Parallèlement à ces conseils en matière d’alimentation, une activité physique régulière sous toutes ses formes possibles est recommandée dans la vie quotidienne de l’enfant, à hauteur d’une équivalence d’une demi-heure, voire d’une heure de marche rapide par jour.

Afin d’assurer l’équilibre alimentaire escompté, les recommandations portent également sur la notion du respect du rythme des repas sur une journée. Dans notre pays, ce rythme est fixé à quatre repas par jour : petit-déjeuner, déjeuner, goûter et dîner. Notons que toutes les données citées auparavant font parties des repères français, et que ceux-ci peuvent différer fortement d’un pays à l’autre, sans pour autant être plus ou moins bons pour l’enfant. L’enfant étant un être en construction et en perpétuelle évolution, il est important d’agir le plus précocement possible. Ainsi, donner des bases solides à un enfant dans le domaine de l’équilibre alimentaire, c’est prévenir et promouvoir sa “bonne santé” pour aujourd’hui et pour demain.

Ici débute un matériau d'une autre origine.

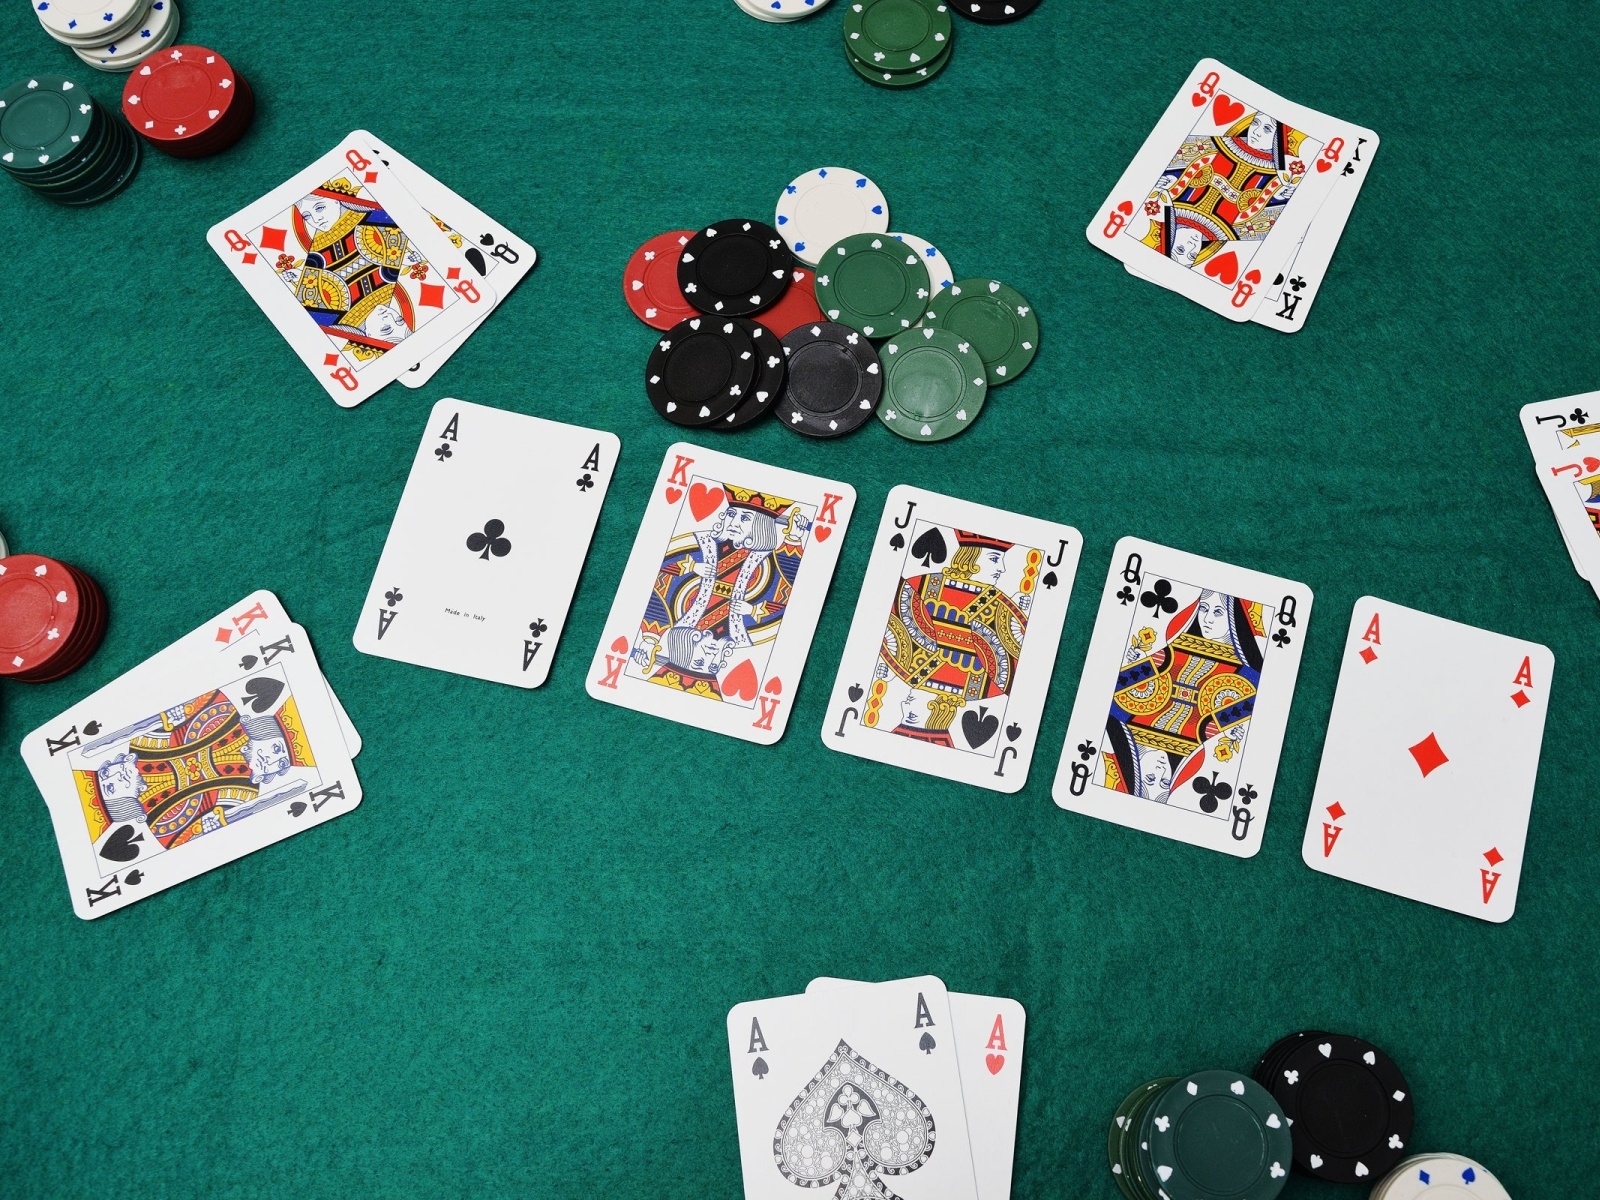 So bài poker: Chiến thuật hạ gục đối thủ trong trò chơi poker

Face aux répercussions possibles de l’alimentation sur le développement d’un enfant, la puéricultrice doit aussi tenir compte des nombreux facteurs influençant l’équilibre alimentaire. Le facteur culturel doit impérativement être pris en compte dans l’accompagnement d’une famille. Effectivement, les représentations et les valeurs propres à chaque être humain font que “comprendre l’autre” n’est pas toujours évident. Les compétences que la puéricultrice de PMI acquiert au cours de son expérience lui permettent alors de pouvoir s’adapter aux différences culturelles et d’en mesurer leurs importances.

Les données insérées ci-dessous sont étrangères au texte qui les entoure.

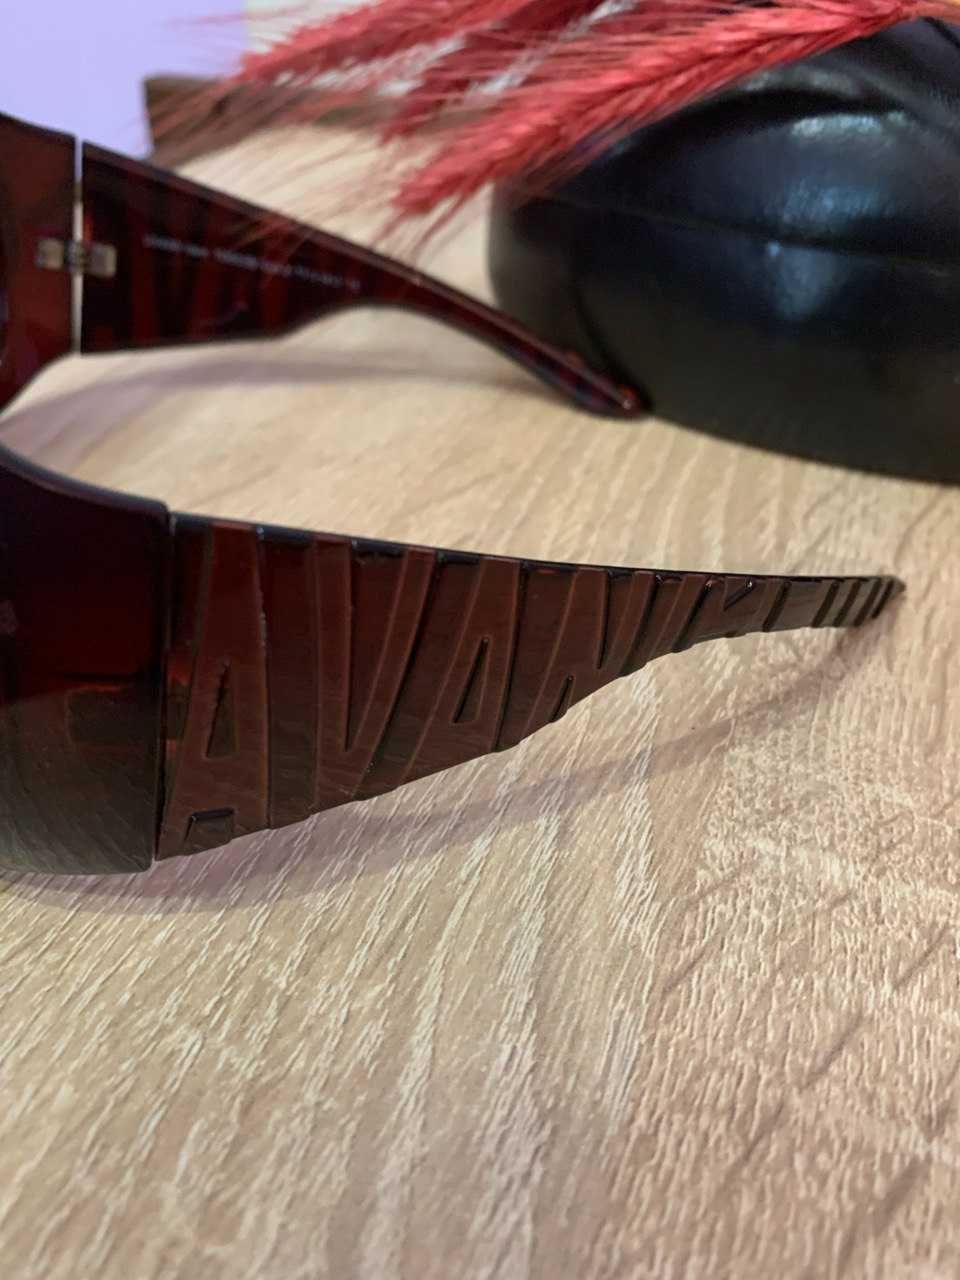 Фірмові сонцезахисні окуляри TRENDY з чехлом-футляром

L’HÉRITAGE FAMILIAL AU CœUR DE L’ALIMENTATION

L’éducation au goût débute bien avant la naissance d’un enfant. En effet, in utero, l’enfant développe déjà des habitudes gustatives, qui conditionnent ses goûts. Cela est possible grâce aux aliments consommés par la future maman au cours de sa grossesse, et à la déglutition du liquide amniotique aromatisé de l’alimentation maternelle par le bébé. Ainsi, un bébé ayant été exposé à la saveur du curry durant sa vie fœtale apprécierait par exemple cette saveur particulière. À la naissance, l’allaitement maternel fait perdurer cette transmission de goût entre la mère et son enfant, car les saveurs du lait maternel varient en fonction des aliments consommés par la maman. En grandissant, les aliments présentés à l’enfant continuent à élargir ses connaissances alimentaires. Petit à petit, l’enfant devient alors capable d’aider les adultes dans la préparation des plats : écosser des petits pois, parsemer quelques brins de persil, pétrir une pâte à tarte, etc. Cela lui permet de continuer son apprentissage de la variété alimentaire, faisant de l’alimentation un plaisir des sens. La place de la socialisation en lien avec l’acte alimentaire porte une grande importance chez l’enfant, qui s’inscrit dans un cadre familial et dans un cadre scolaire. Tous ces éléments offrent alors à l’enfant une palette gustative, riche et variée, lui permettant de développer ses papilles.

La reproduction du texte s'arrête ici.